J'essaie de déplacer une suite de tests de bout en bout afin qu'ils soient entièrement contenus dans AWS. J'ai fait cela via la construction de code et j'ai tout mis en marche jusqu'au point d'exécuter les tests, qui invoquent une API pour réinitialiser la base de données avant chaque test. Je continue de rencontrer ce message d'erreur lorsque le premier test tente de s'exécuter.
"requestId": "********-82f8-11e9-a732-0b550cf3fcd6",
"ip": "*.*.*.*",
"caller": "-",
"user": "-",
"requestTime": "30/May/2019:16:32:50 +0000",
"httpMethod": "GET",
"resourcePath": "/*/ref-data/{proxy+}", "status": "403", "protocol": "HTTP/1.1", "responseLength": "185"
Au début, je pensais que l'erreur était causée par un manque d'autorisations sur le rôle qui était utilisé pour tout construire. J'ai essayé d'ajouter les autorisations appropriées au rôle IAM utilisé, les rendant éventuellement plus ouverts que je ne le souhaiterais.
"Effect": "Allow",
"Action": [
"execute-api:Invoke",
"execute-api:ManageConnections"
],
"Resource": "arn:aws:execute-api:*:*:*"
Évidemment, je n'ai pas résolu les choses, mais j'ai remarqué que le conseiller d'accès montre que la politique particulière n'est pas consultée.
Ensuite, je est entré dans la stratégie de ressources dans API Gateway pour voir s'il y avait quelque chose là-bas. J'ai supprimé certaines conditions d'adresse IP qui avaient été définies pour restreindre l'accès aux adresses IP du bureau.

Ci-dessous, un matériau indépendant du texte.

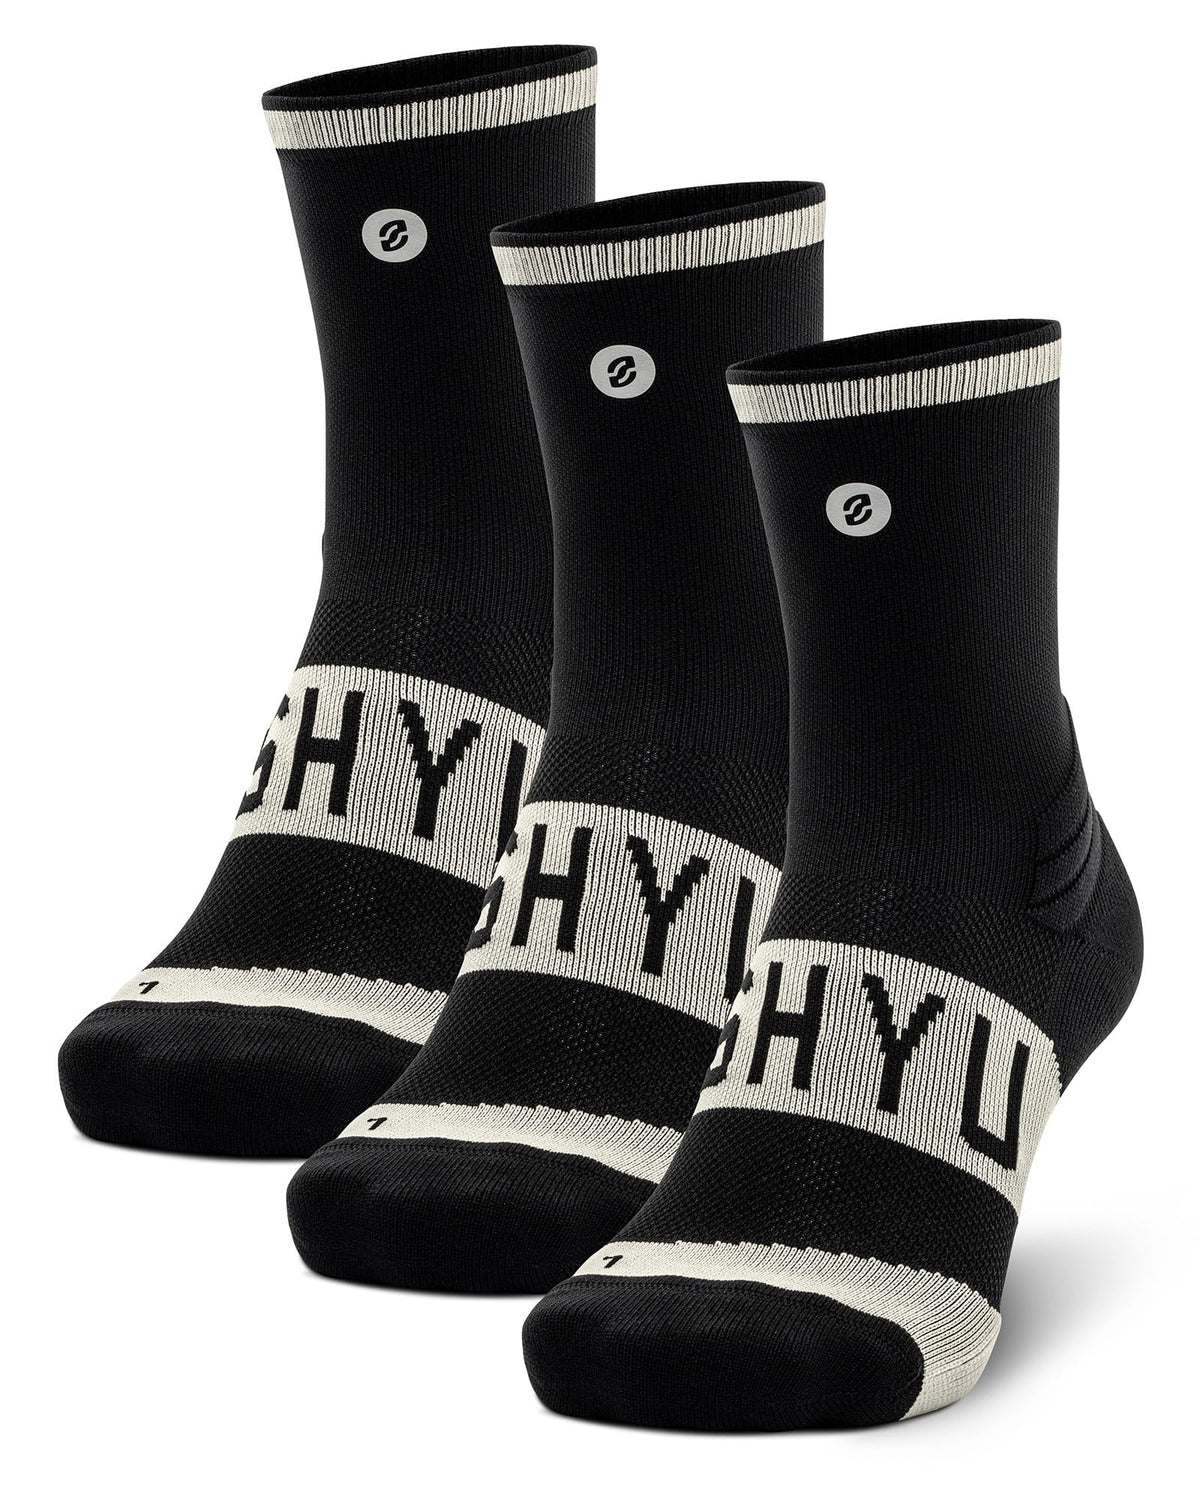 SHYU training socks - 3 pack (half crew - small sizes)
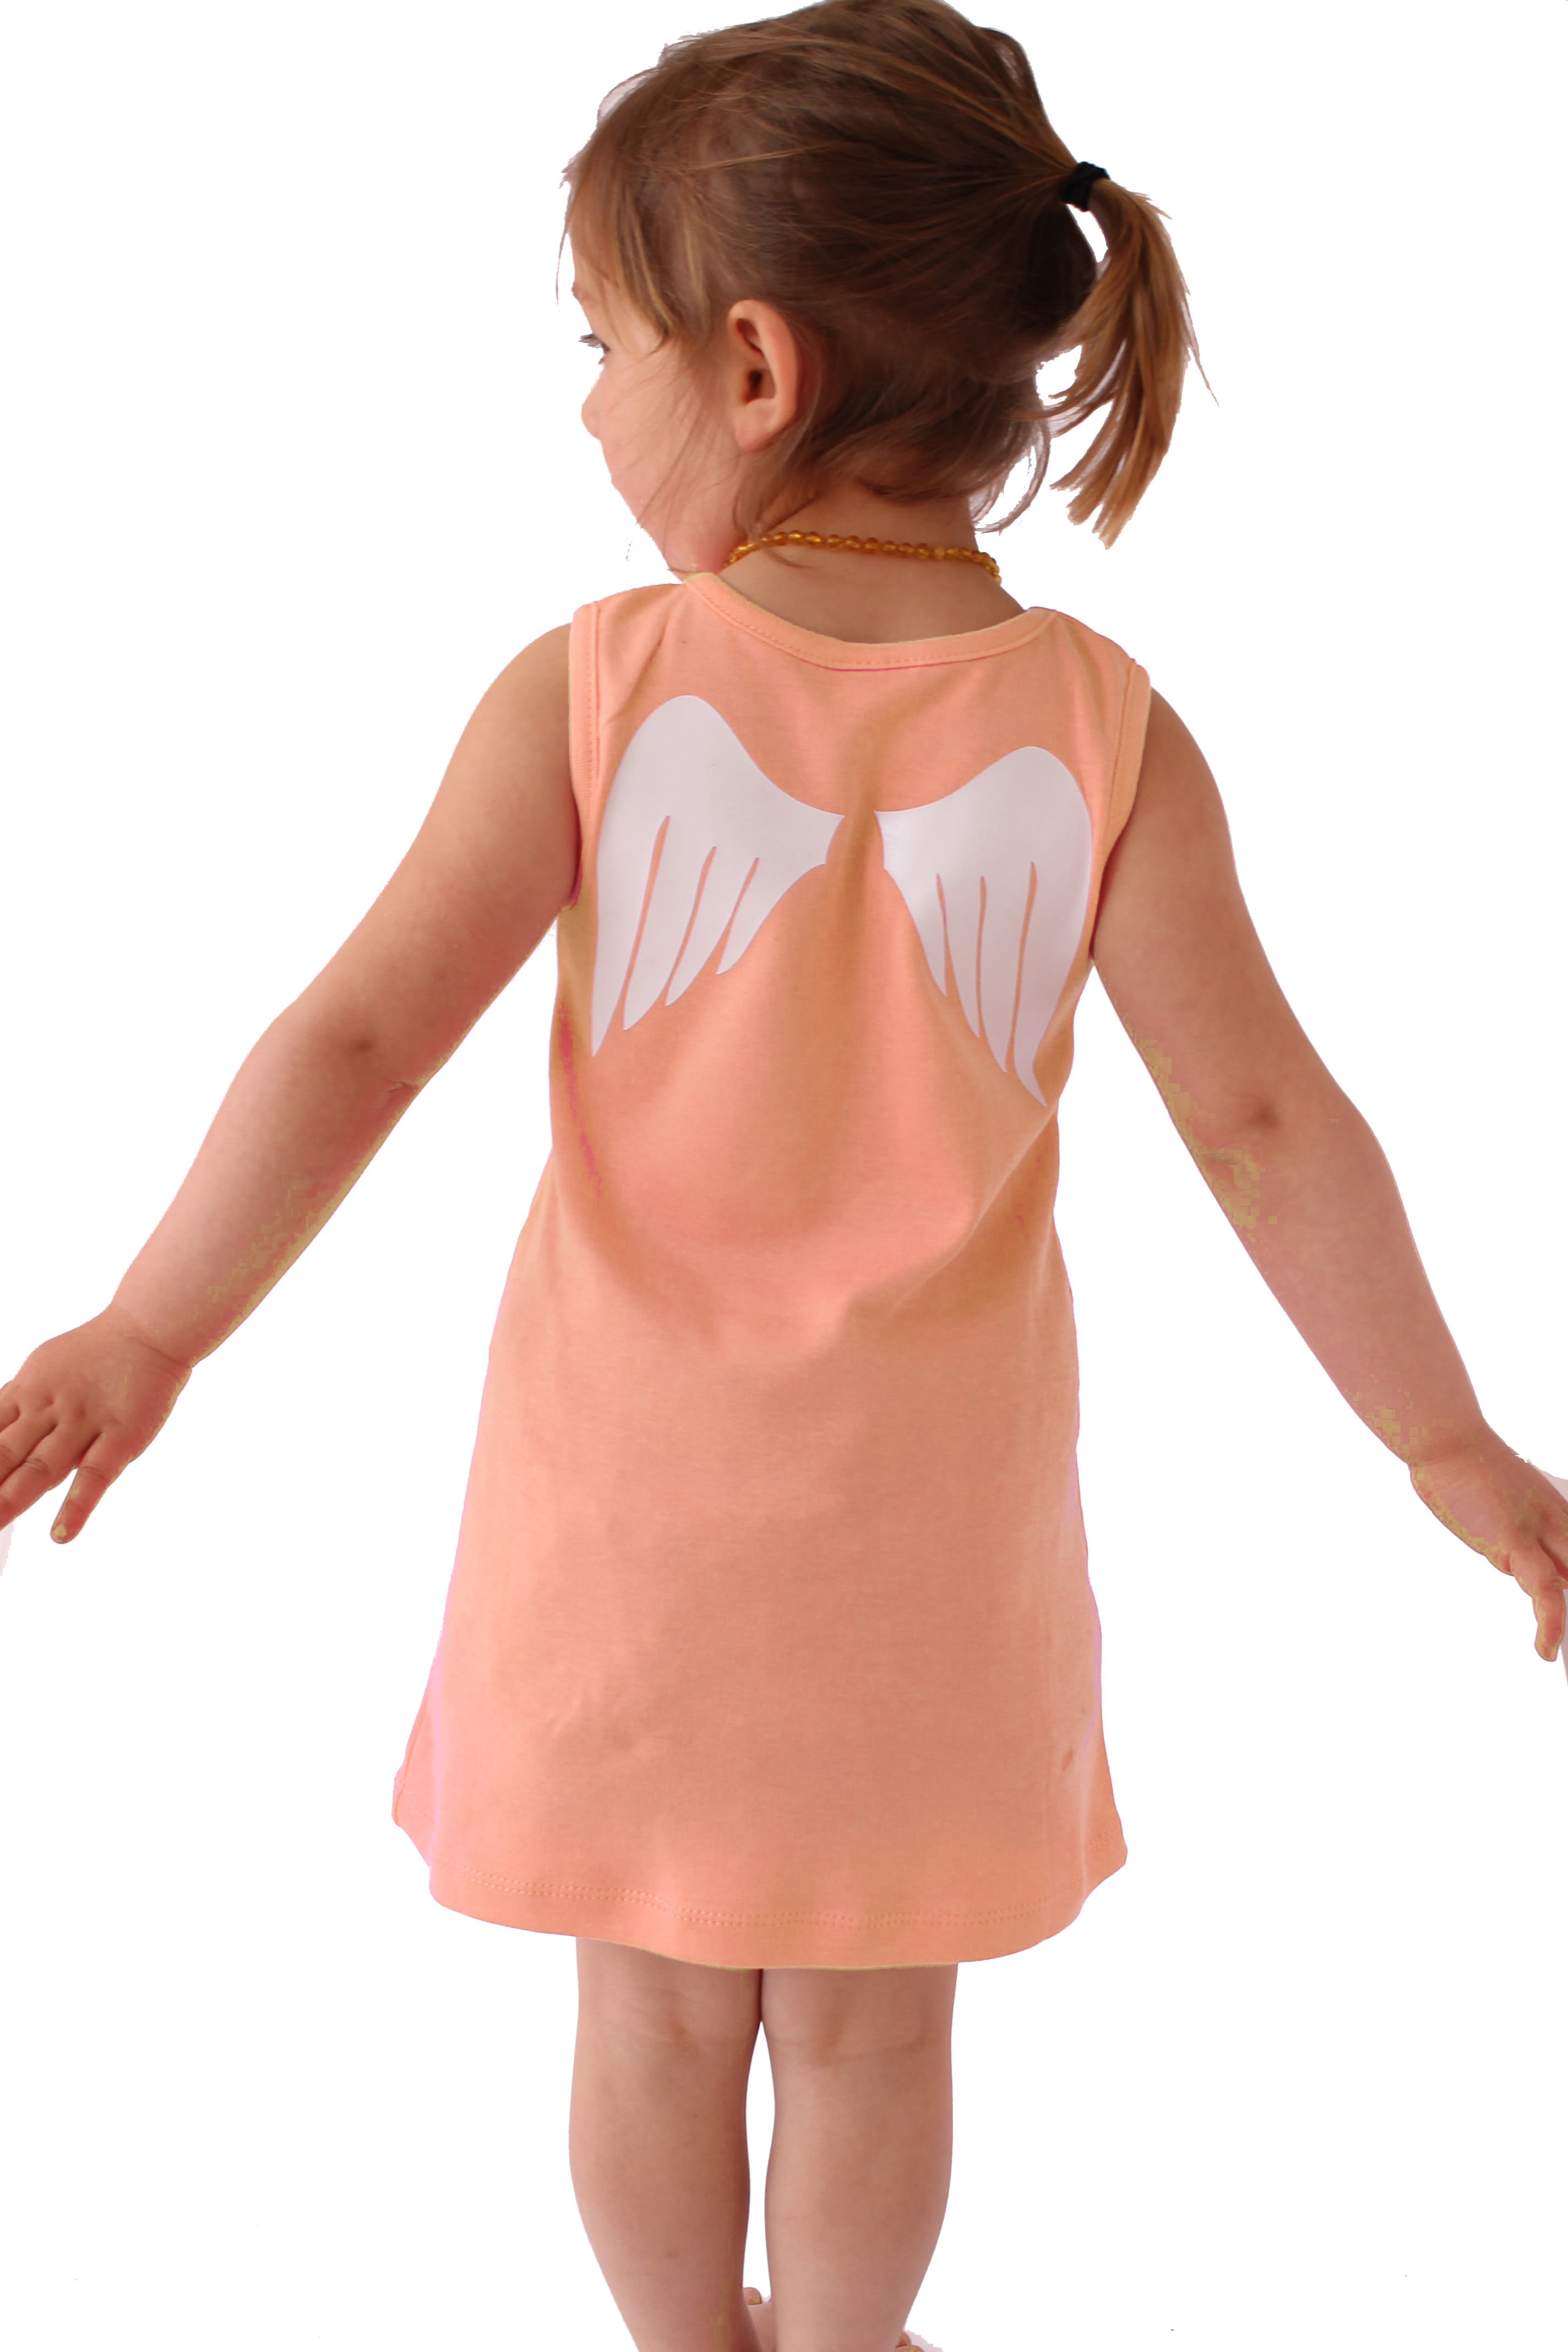 20 Branded Cute Angel Wings Print Baby & Toddler Dresses (PEACH 5 each size)

J'ai regardé à l'intérieur de WAF et Shield et je ne vois rien qui serait lié à l'appel de l'API. À ce stade, je ne sais plus où doit commencer ma prochaine enquête.
Modifier
Voici la réponse que je ' Je reviens.
StatusCodeError: 403 - "{\"Message\":\"User: anonymous is not authorized to perform: execute-api:Invoke on resource: arn:aws:execute-api:eu-west-2:*:*"}"
3 Réponses :
La politique de votre rôle qui autorise execute-api: Invoke semble être correcte, mais le message d'erreur que vous avez fourni indique User: anonyme n'est pas autorisé à effectuer ... . Si vous vous attendez à ce que votre rôle tente cette action, c'est que quelque chose ne va pas, car vous avez tenté l'action avec un utilisateur nommé anonyme .
Le rôle que vous utilisez pour construire votre pile n'est pas nécessairement le rôle utilisé pour exécuter des fonctions sur cette pile. Je vous recommande de vérifier toutes vos entités IAM tout au long et d'identifier et de comprendre clairement ce que chacune tente de faire. Assurez-vous que tout ce qui appelle votre fonction est en fait le rôle que vous voulez avec la politique correcte attachée.
J'espère que cela vous aidera!
Voici les étapes à suivre.
Pour la politique de ressources API, assurez-vous d'autoriser le trafic provenant du rôle IAM sélectionné pour des méthodes spécifiques / toutes
{
"Version": "2012-10-17",
"Statement": [
{
"Effect": "Allow",
"Principal": {
"AWS": "arn:aws:iam::###############:role/###########"
},
"Action": "execute-api:Invoke",
"Resource": "arn:aws:execute-api:ap-southeast-1:###########:/#########/*/POST/####/####/"
}
]
}
Assurez-vous que le même rôle IAM est associé aux entités à partir desquelles cette API est appelée, par exemple EC2 - si votre code réside sur EC2
J'espère que cela fonctionne!
Dans ce cas, il s'est avéré que le principal bloqueur était les restrictions IP de la passerelle API définies dans la politique. Je ne savais pas que les modifications apportées ne prenaient effet qu'au (re) déploiement. Une fois que j'ai fait cela avec les restrictions IP mises à jour, le point de terminaison de l'API pourrait être invoqué.
Avez-vous configuré un autorisateur?